白墨很清楚,也就是許歡顏單純,什麼事,都不喜歡多想,費腦子。
要是她是個愛琢磨事的人,可就不好糊弄了。
許歡顏點了點頭,白墨說的也對。
都說到了離婚,相當於攤牌了,所以,他纔會大搖大擺的來他們家。
還真是一如既往的不要臉。
“歡顏,拜拜和晚晚想要見夜斯,想要和他一起玩,你不要阻攔,我們之前說好的,孩子有自己的選擇,我們不干涉。
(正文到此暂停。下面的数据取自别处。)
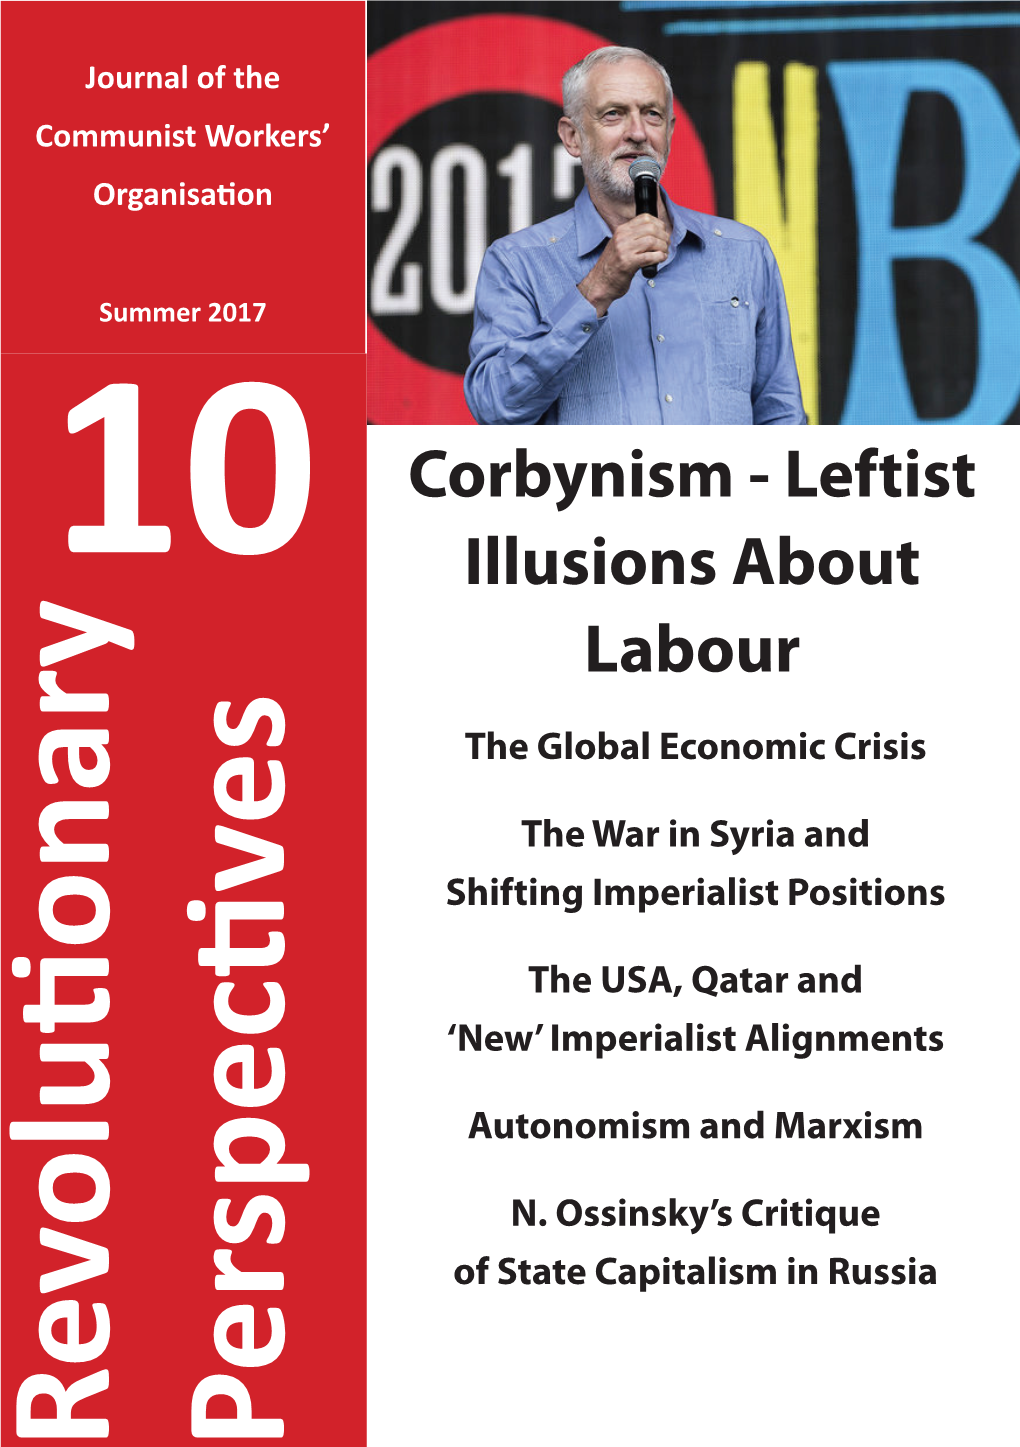 Revolutionary Perspectives Magazine of the Communist Workers’ Organisation Affiliate of the Internationalist Communist Tendency Series 4, No 10, Summer 2017

”
“孩子喜歡他,想和他玩,那是孩子和他之間的事情。”
“你說對嗎”
白墨覺得自己現在,就像是在騙小紅帽的大灰狼。
“你總是能說的我,說的我無話可反駁。”
這就是白墨的本事,他要是想要說服一個人。
只需要幾句話,就會讓你無話可說。
“那就證明我說的對,而你也聽話。”
白墨輕輕的抱住許歡顏,“傻丫頭,你該好好的感受一下戀愛的滋味,被人疼愛,被人呵護”
“你很疼我”
許歡顏被白墨說的,臉一紅,發熱了。
“那是疼你,不是愛你,夜斯會疼你又愛你,那是不一樣的感受。”
“所以,給他一個機會,你心裏苦了那麼久,也該甜了。”
“也該甜了”許歡顏耳邊還在迴盪着白墨的這句話。
她其實並沒有覺得心裏有多苦,就是有時候會莫名的泛酸。
心疼那麼一下,一酸,鼻子一酸,眼睛一酸
就是酸
許歡顏剝開一顆棒棒糖,捏着小棍在那裏轉着。
並沒有放進嘴裏喫,看着棒棒糖,她吃了這麼多年,一直覺得很甜很甜
怎麼這會就不知道甜是怎麼個甜法了
帝國
夜斯病了,重感冒,昏昏沉沉的睡了醒,醒了睡。
“許歡顏許歡顏”
嘴裏一直叫着許歡顏的名字。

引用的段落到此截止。